Income Cap States (~28 states)
If your monthly income exceeds $2,829 (300% of the SSI Federal Benefit Rate), you are over the income cap and cannot qualify for Medicaid — unless you establish a Qualified Income Trust, also called a Miller Trust.
A Miller Trust is a legal arrangement where income above the cap flows into a trust account each month. The trustee pays it to the nursing facility. This makes you technically eligible even with income over the limit.
Spend-Down States (~23 states)
No income cap. Instead, you contribute almost all of your income toward the nursing facility cost each month.
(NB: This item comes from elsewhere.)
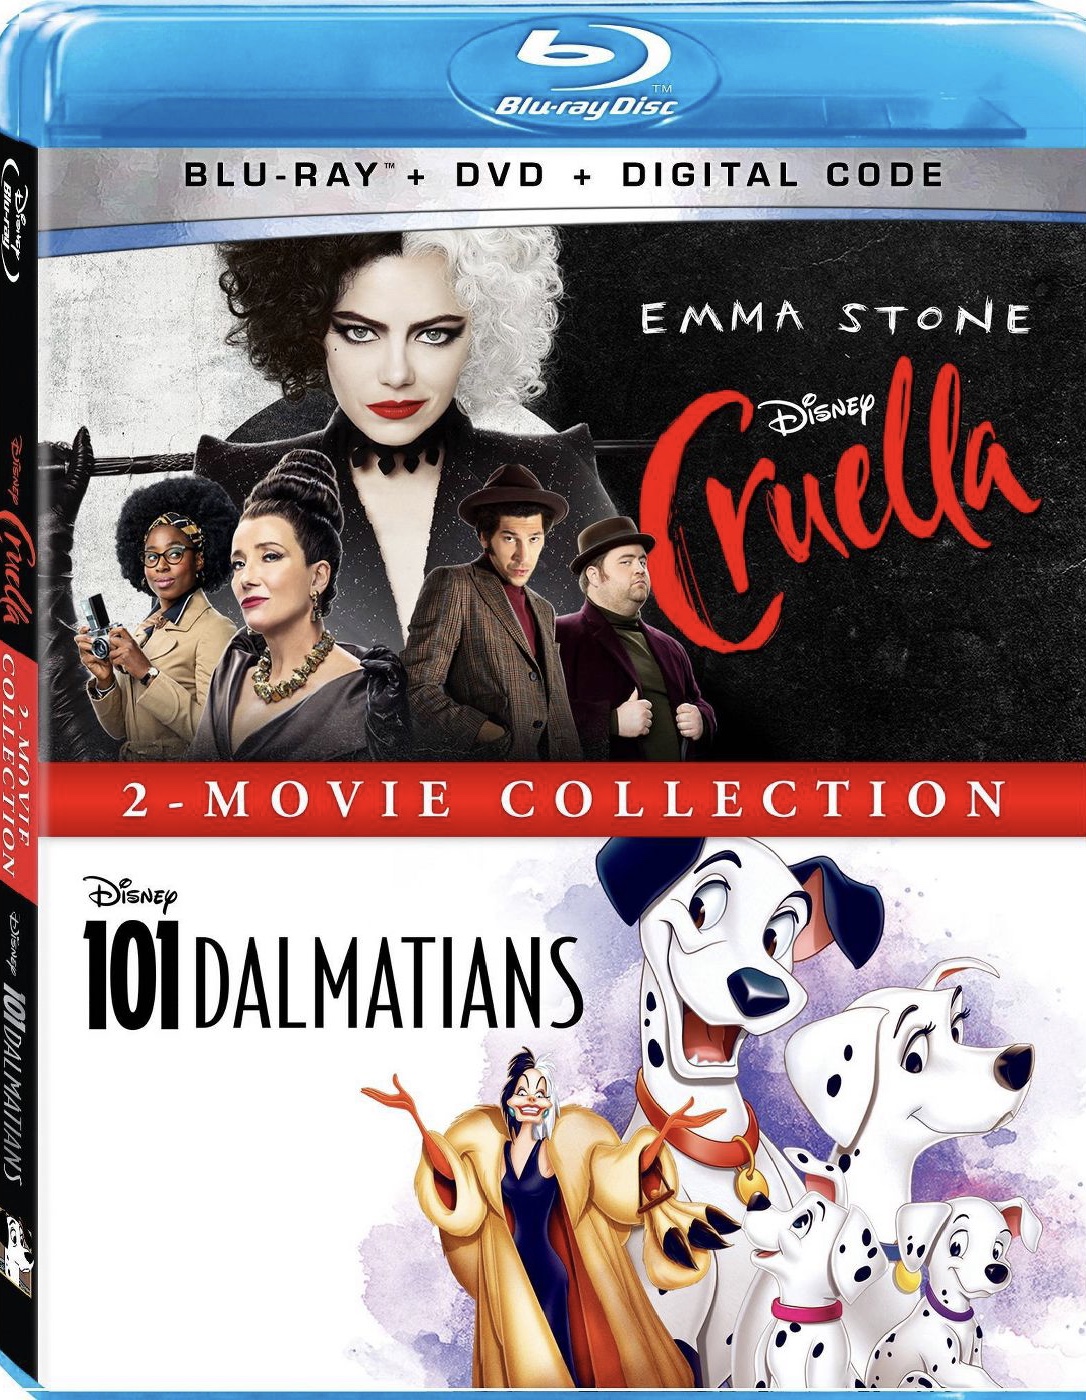 Movie Minute: Cruella 2021 (Emma Stone) - It's A Small World Blog

Medicaid pays the remainder.
You keep a small personal needs allowance ($30–$72/month depending on the state) plus a deduction for Medicare premiums and certain medical expenses. Your spouse, if living at home, may also receive a monthly maintenance allowance from your income.
The 5-Year Look-Back Rule
Every state reviews asset transfers made in the 5 years before your Medicaid application. If you gave away assets (to family, for example) for less than fair market value, Medicaid imposes a penalty period — a window during which they won't pay for care.
The penalty length depends on the amount transferred and the average daily cost of nursing home care in your state. A $50,000 transfer in a state with a $300/day rate creates a 166-day penalty. Planning before the look-back window opens is the only way to avoid it.